The crypto market woke up to red candles, with Bitcoin leading a sharp sell-off that shaved nearly 4% off its price. By Friday morning, BTC had slipped to $108,956, extending its decline below $109K just before New York markets opened. Ethereum followed with a 3% dip, XRP fell 4%, and Solana was the hardest hit among large caps, tumbling 5% under the $200 mark. Binance Coin also gave up ground, falling to $934 after recently setting a new all-time high above $1,000.
That sea of red came after the release of U.S. jobless claims data on September 25, which painted a picture of a fragile labor market. Ironically, the weakness boosted hopes for more Federal Reserve rate cuts, pushing odds of a 25 bps cut next month up to 87%. But markets know better than to celebrate too soon—the Fed’s favorite inflation gauge, the PCE index, is due next.
Why inflation data could decide the next crypto move
The PCE, scheduled for release on September 26, now sits at the center of market attention. Analysts warn that even a slight deviation from the Fed’s 2.7%–2.9% target could jolt sentiment. Jake Kennis, Senior Research Analyst at Nansen, put it bluntly:
“Higher-than-expected inflation could signal more hawkish Fed policy and risk-off sentiment that typically pressures crypto markets”
On the other hand, a cooler read would suggest the Fed can afford to stay dovish, giving a much-needed boost to Bitcoin, Ethereum, and other risk assets. Until then, volatility remains the only certainty.

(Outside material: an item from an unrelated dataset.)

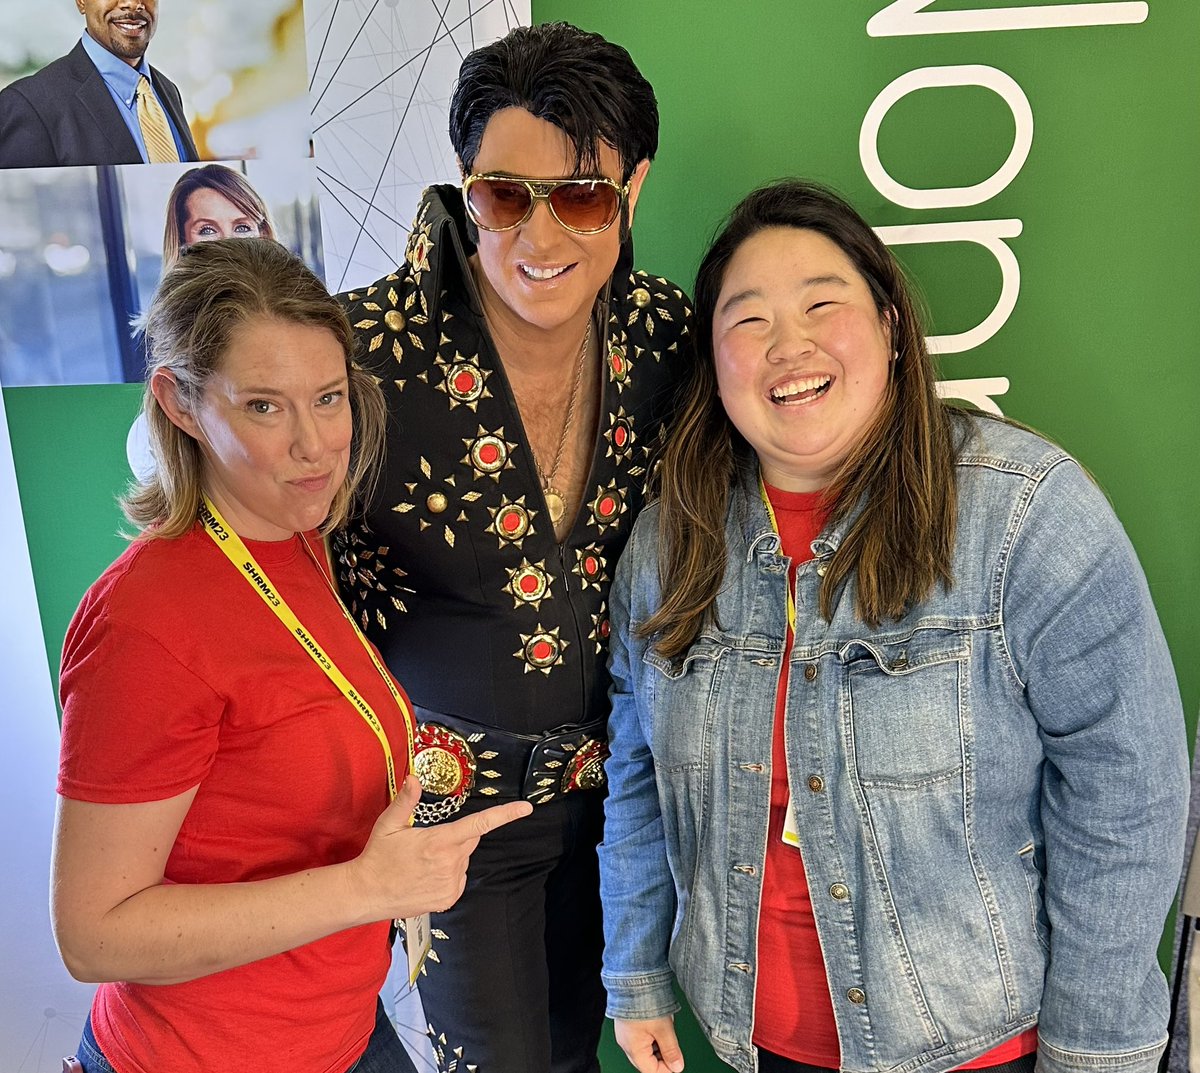 Great start to #SHRM23 viva Las Vegas style with an Elvis impersonator! AARP is here to drive change with free #caregiving resources

Shutdown drama piles on the pressure
As if the Fed wasn’t enough, U.S. government shutdown fears are also rattling investors. With Congress yet to agree on a funding plan, the possibility of operations grinding to a halt looms large. Prediction platform Polymarket now puts the odds of a shutdown by October 1 at 69%.

This uncertainty has only worsened liquidations. More than $1 billion in positions were wiped out on Thursday alone, bringing total liquidations this week above $3 billion. Traders are growing cautious, and the specter of a shutdown adds another layer of risk.
The crypto technical levels everyone’s watching
Despite the carnage, analysts argue the broader bull structure hasn’t broken—at least not yet. Trading desk QCP Capital pointed out that $107K remains the line in the sand. They noted,
“Q4 seasonality and expected Fed cuts keep the backdrop constructive, unless next week’s payrolls break the narrative”
Interestingly, $107K also appears as a massive liquidity pool on three-month liquidation heatmaps, making it a key battleground for bulls and bears. If BTC holds above that level, the market could stabilize into October. Lose it, and things could unravel quickly, with $104K–$100K the next likely stop.
Outlook: turbulence before clarity
Right now, the crypto market feels caught between two forces: weak labor data fueling Fed cut optimism and inflation fears that could still trigger hawkish surprises. Add in U.S. shutdown drama, and traders are in for a bumpy ride. Whether October brings a rebound or more red will depend on whether Bitcoin can hold its ground at $107K—or if the floor gives way to another wave of selling.